Solusi untuk menangani dan mengatasi persoalan ini pada dasarnya ada jangka pendek dan jangka panjang. Jangka pendek dan segera diantaranya: Pertama, menghentikan kebakaran lahan dan hutan yang menjadi sumber kabut asap. Berbagai cara telah dilakukan seperti water bombing, hujan buatan, pemadaman darat, pembuatan sumur, penyekatan area, dan sebagai harus terus dilakukan dan digerakan. Kedua, memberikan pelayanan kesehatan dan bantuan kepada korban kabut asap secara gratis dan besar-besaran, sebab jumlah korban sangat besar dan cakupan wilayahnya sangat luas.

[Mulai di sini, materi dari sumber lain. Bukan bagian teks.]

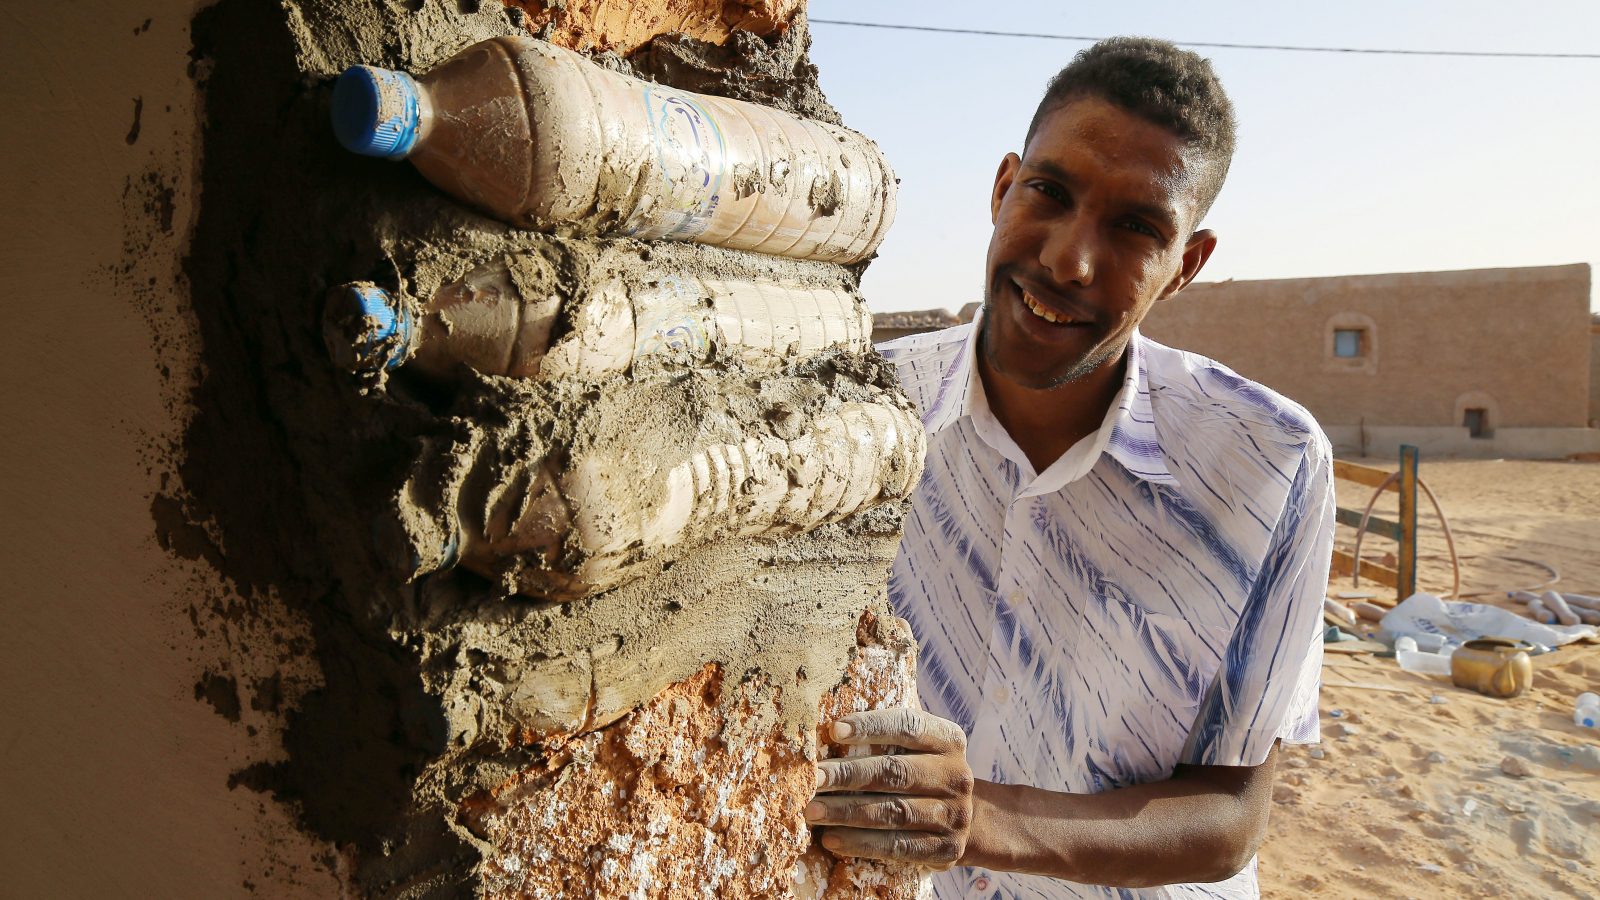 Tateh Lehbib montre comment construire une maison écologique à partir de bouteilles en plastique usagées remplies de sable. Les maisons circulaires construites dans le camp de réfugiés de Tindouf résistent au vent et aux fortes pluies et permettent de se protéger efficacement du rude climat qui caractérise le désert algérien.

Dana untuk hal pertama dan kedua ini bisa dikeluarkan dari APBN sampai mencukupi tanpa dibatasi, sebab ini berkaitan dengan nasi rakyat. Dana ini juga dapat ditagihkan kepada pelaku pembakaran.Ketiga, penindakan hukum secara tegas terhadap para pelaku pembakaran dan siapa saja yang terlibat.

Untuk jangka panjang harus diadakan infrastruktur untuk mencegah dan mengatasi kebakaran lahan dan hutan, baik berupa pembuatan kanal, penghutanan kembali, tata ruang dan lahan. Lebih dari itu,kebakaran terjadi karena adanya UU dan peraturan yang membenarkan hal itu. Maraknya kebakaran lahan ada kaitannya dengan sistem politik demokrasi yang sarat biaya.

Politis dan penguasa diantaranya mengumpulkan dana politik dengan pemberian penguasaan lahan. Semua itu harus dicabut dan diganti, itulah problem sistem dan peraturan perundangan, yang justru mejadi akar masalah kebakaran lahan dan kabut asap. Karena itu sistem dan peraturan itu harus dicabut dan diubah.

Bencana kabut asap hanyalah salah satu problem di antara banyak problem yang melanda bangsa dan negeri ini. Semua ini mestinya membuka mata, pikiran dan hati kita bahwa itu adalah akibat penyimpangan terhadap hukum Allah SWT dalam bentuk penerapan sistem demokrasi dan kapitalisme yang rusak.

Mementingkan keuntungan pribadi maupun kelompok, tidak memperdulikan hak orang lain, bahkan juga jika merugikan ataupun menyakiti orang lain. Solusi total dan tuntasnya semua penyelesaian adalah dengan dibawanya arah penyelesaian menuju pada ketaatan kepada Allah SWT.

“Telah tampak kerusakan di darat dan laut disebabkan karena perbuatan tangan manusia, supaya Allah menjadikan mereka merasakan sebagian dari (akibat) perbuatan mereka, agar mereka kembali (ke jalan yang benar),” (qs al-rum : 41). Wallahu’alam bish shawab.